### WHAT IS NEEDED
Taking the entries below, transcribe only the lines starting with the one with "HUGE LOT of" and going on through the one with "menu bieres 2019.jpg", exactly as written, without the pictures.

### INPUT DATA
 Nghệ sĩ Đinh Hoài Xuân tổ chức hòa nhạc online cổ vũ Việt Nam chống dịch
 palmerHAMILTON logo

==

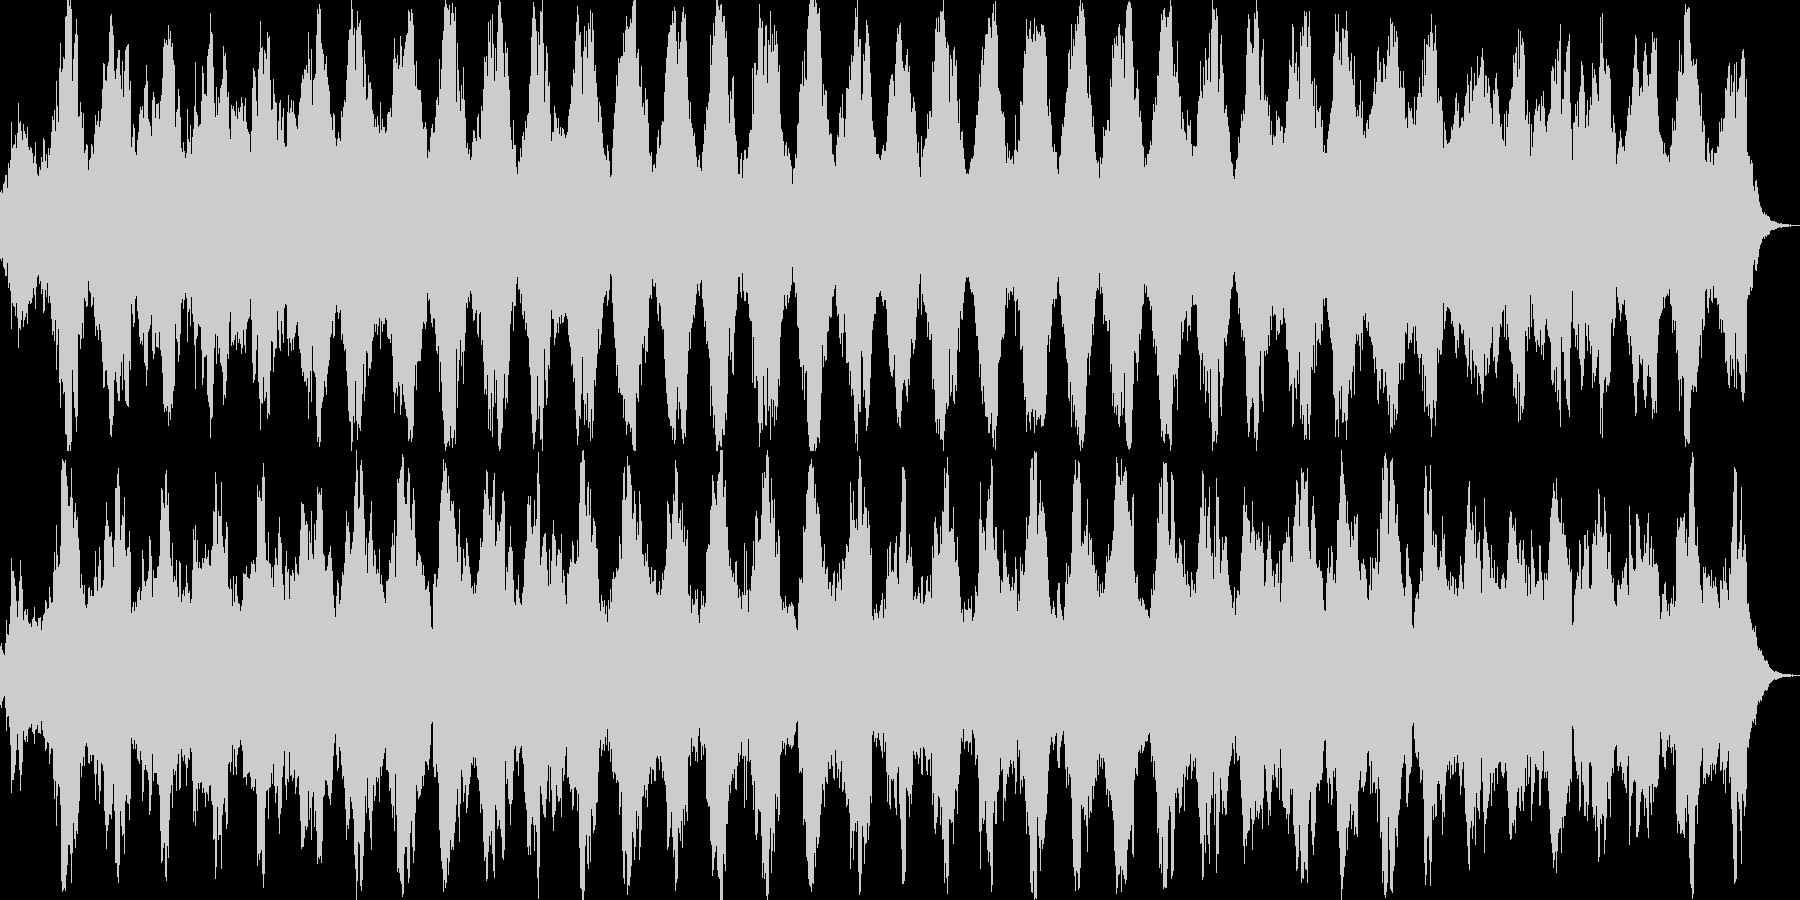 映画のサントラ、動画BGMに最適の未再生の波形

* * *

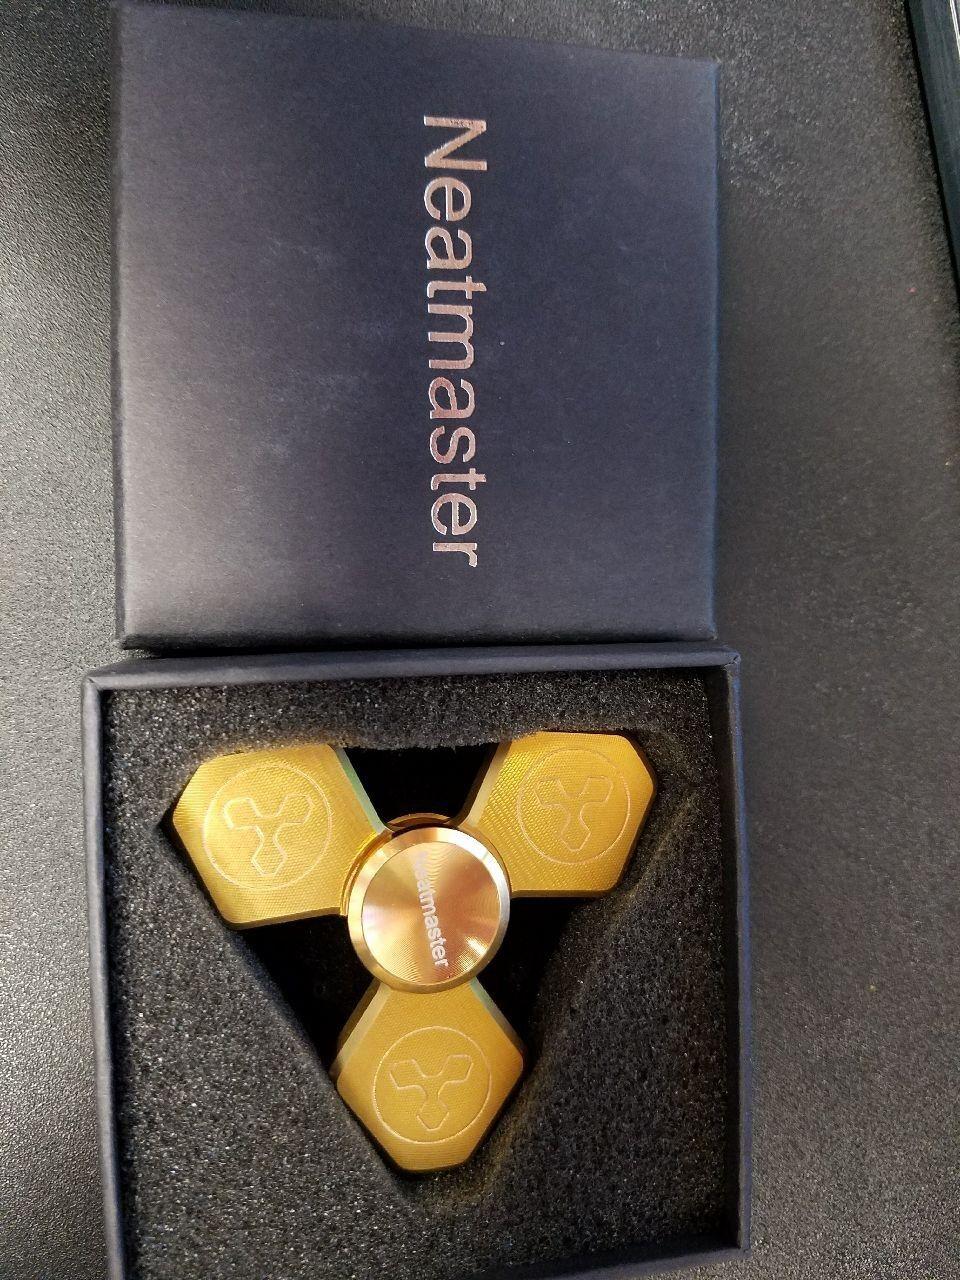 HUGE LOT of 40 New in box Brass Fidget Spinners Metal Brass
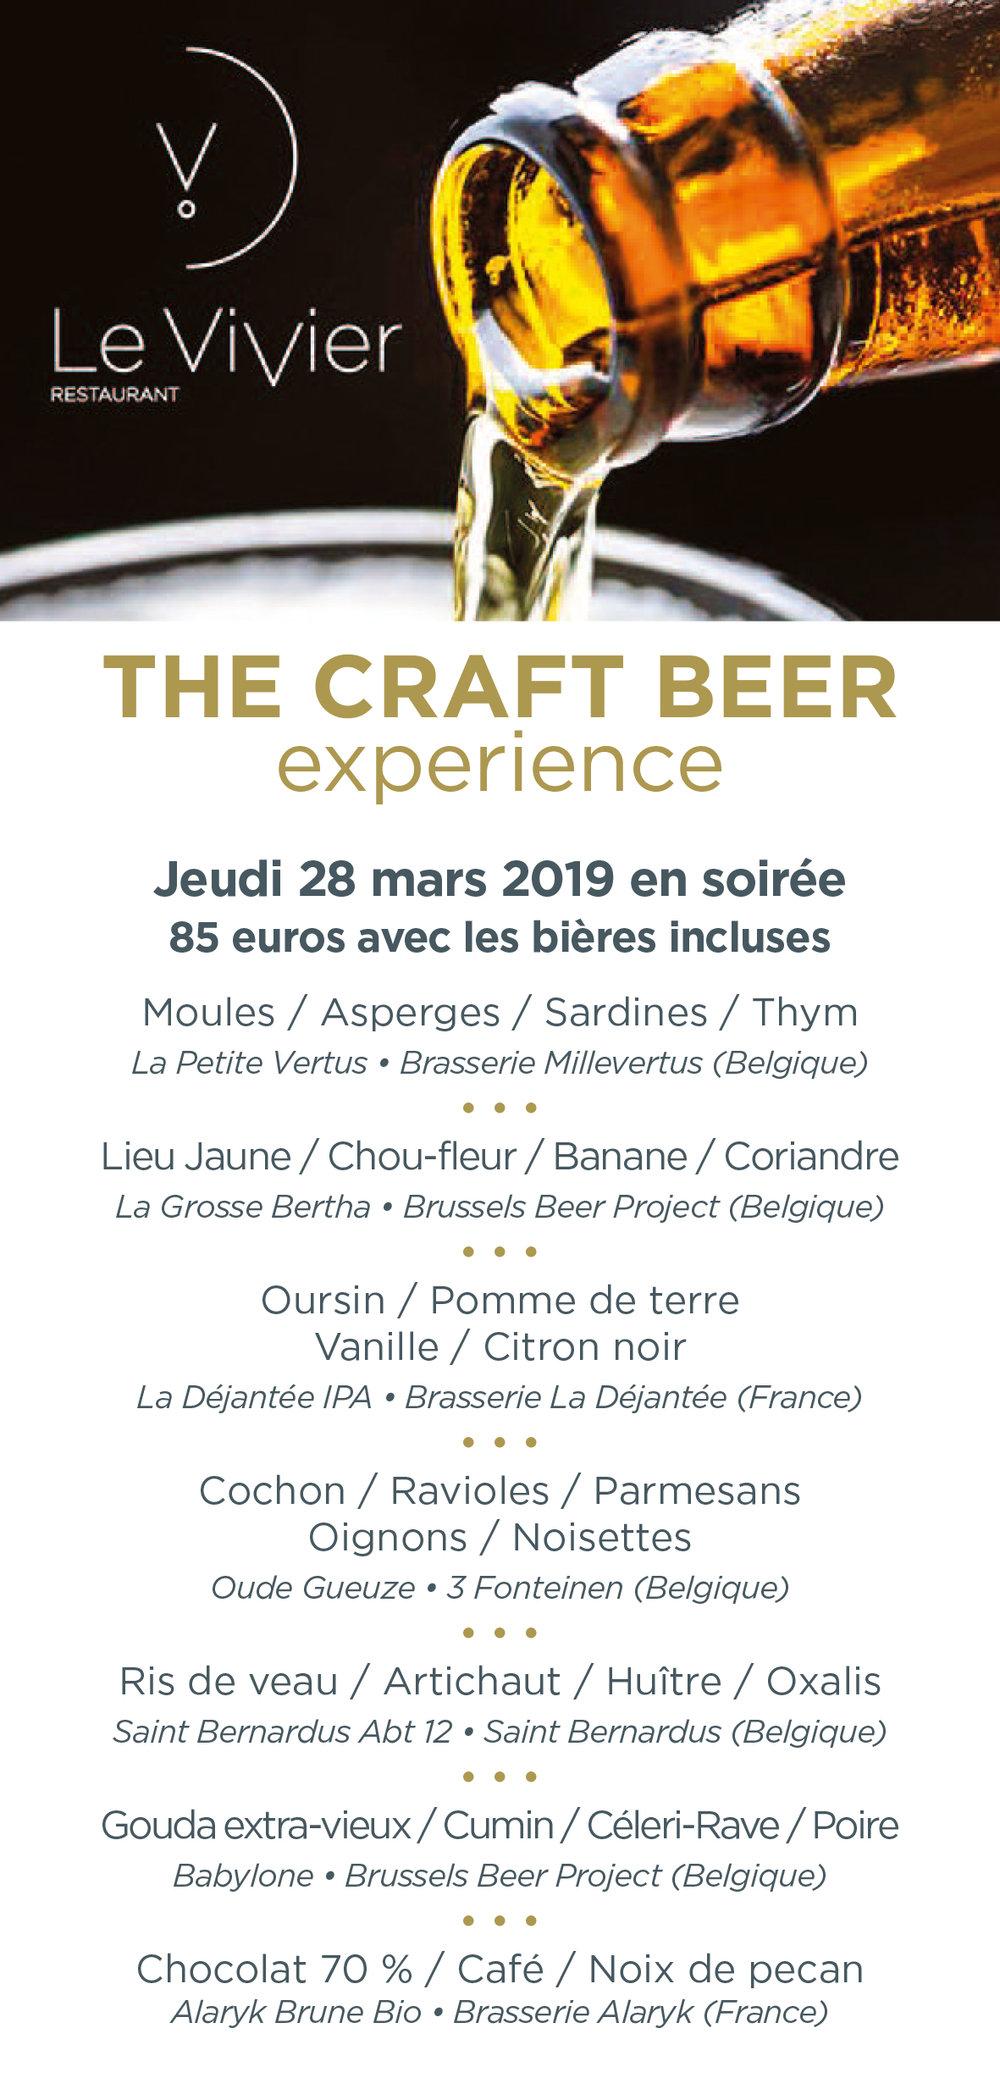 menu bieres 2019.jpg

### EXERCISE RESULT
 HUGE LOT of 40 New in box Brass Fidget Spinners Metal Brass
 menu bieres 2019.jpg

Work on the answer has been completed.